Earthquake early warning alerts will become publicly available throughout California for the first time this week, potentially giving people time to protect themselves from harm, state officials said Thursday.
The nation’s first statewide quake warning system will debut Thursday, coinciding with the 30th anniversary of the Loma Prieta earthquake that ravaged the San Francisco Bay area on Oct. 17, 1989, as well as the annual Great Shakeout safety drill.
Warnings produced by the ShakeAlert system will be pushed through two delivery systems: a cellphone app called MyShake and the same wireless notification system that issues Amber Alerts, meaning people may receive both notifications.
The state earthquake app, developed at the University of California, Berkeley, is available for download to IOS users through iTunes and through GooglePlay stores for Android phones.
The thresholds for an alert are an earthquake of magnitude 4.5 and shaking intensity level 3.
The ShakeAlert system is being developed by the U.S. Geological Survey and partners for the West Coast states. It is most complete in California.
The system does not predict earthquakes. Rather, it uses numerous seismic stations to detect the start of an earthquake and light-speed communications to send the data to computers that instantly calculate location, magnitude, intensity of shaking and create alerts to be distributed to areas that will be affected.
Depending on distance from the epicenter, the alerts may give warnings of several seconds to a minute before shaking arrives at a given location — enough time to duck under desks, pull a knife away from a surgical patient or shut down elevators, trains and industrial processes.
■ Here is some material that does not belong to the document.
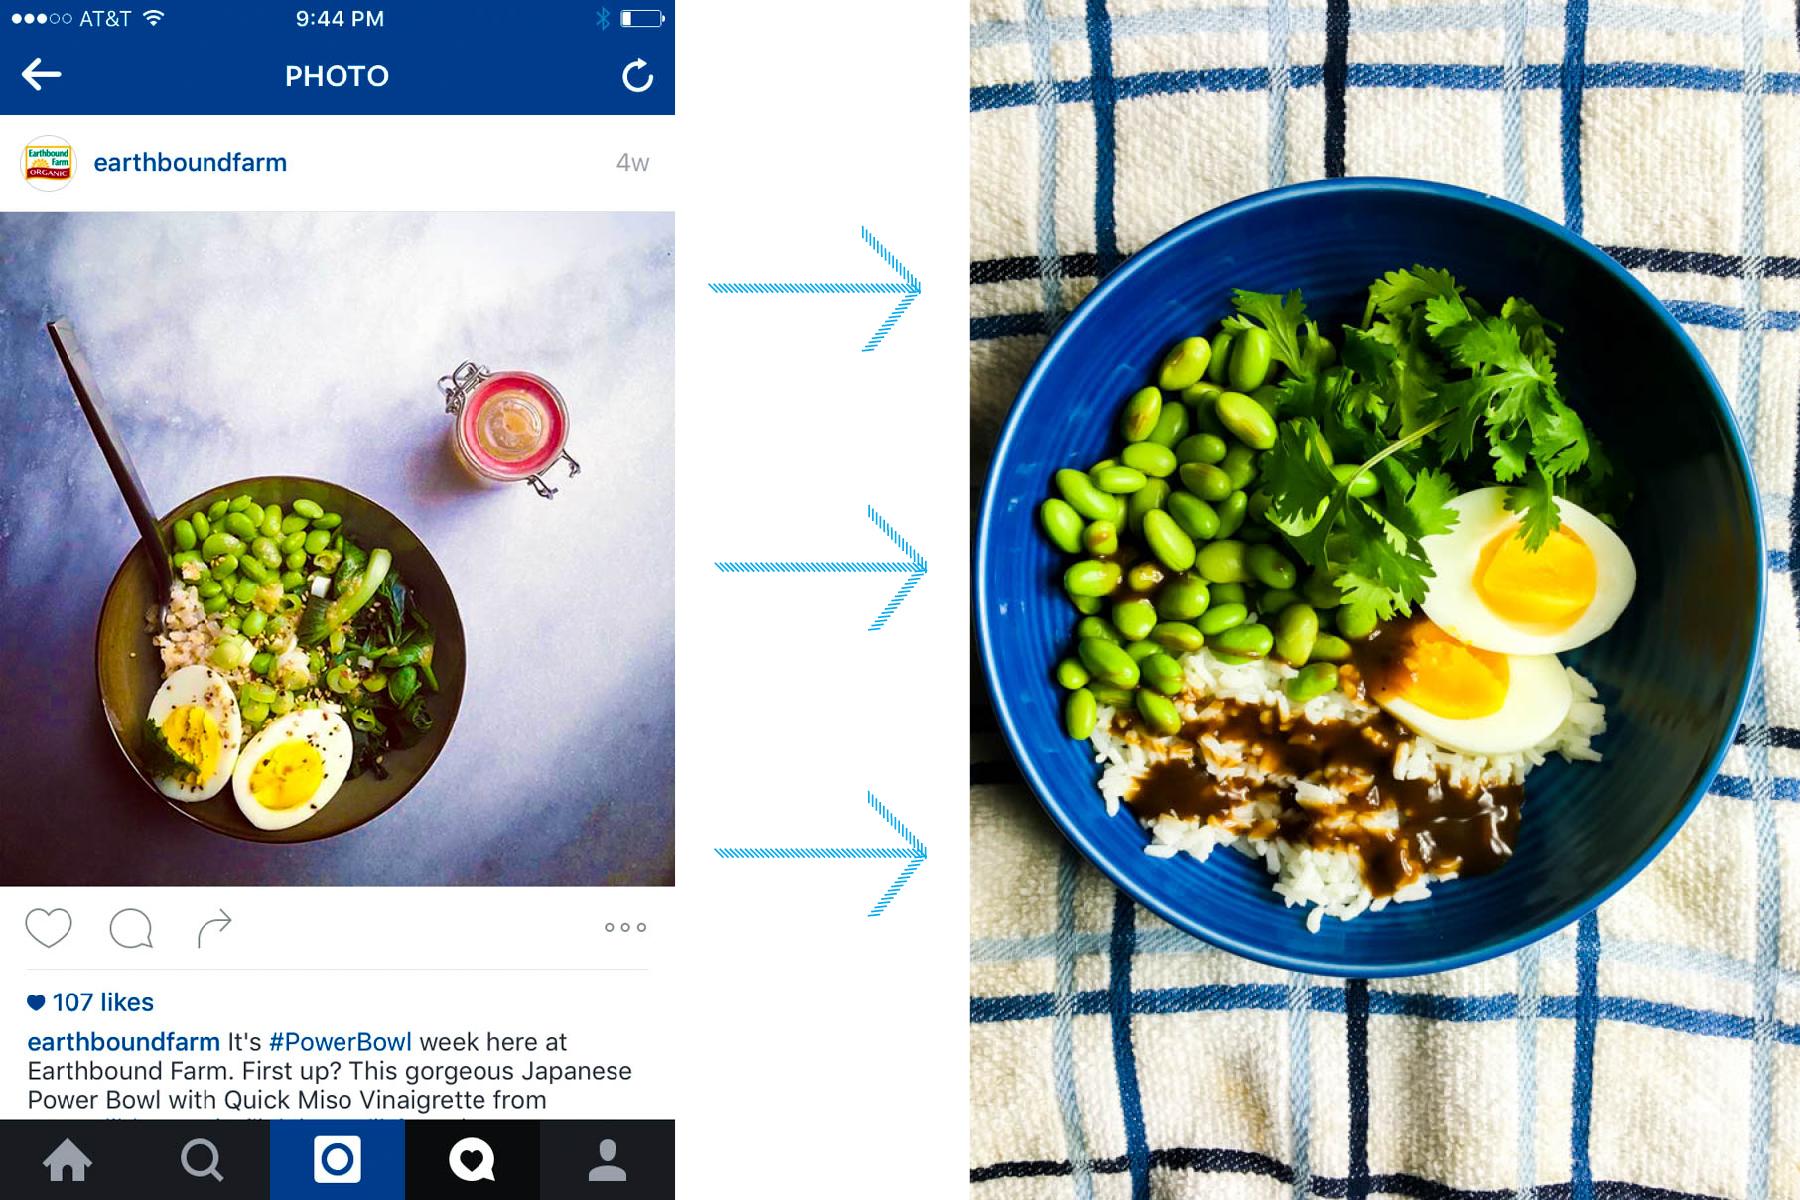 rice + edamame + stirfry sauce + cilantro | immaEATthat.com

After lengthy testing, alerts were made broadly available to businesses, utilities, schools and other entities last year. The only large-scale public notification is in Los Angeles County, where an alerting app developed for the city of Los Angeles hasn’t been triggered yet.
The MyShake system maintains a database of which cellphones are in 10-kilometer-by-10-kilometer (6.2-mile-by-6.2-mile) cell grids and pushes the alerts to phones in zones where at least level 3 shaking will occur, so receiving an alert is not based on which tower the phone is communicating with, officials said.
The developers expect to improve the system through experience.
Most recently, the MyShake system was tested this week by a magnitude 4.5 quake in the San Francisco Bay Area and a 4.7 in central California. The median times from detection to alerts hitting phones was 2.1 seconds and 1.6 seconds, respectively, Allen said.
The Los Angeles app was criticized because it did not alert users when two powerful earthquakes struck an area of the Mojave Desert more than 100 miles north of the city on July 4 and 5.
Experts said the goal was to alert people who might experience potentially damaging shaking rather than simply feel some shaking. But the city later announced the threshold will be lowered to alert of “weak” shaking.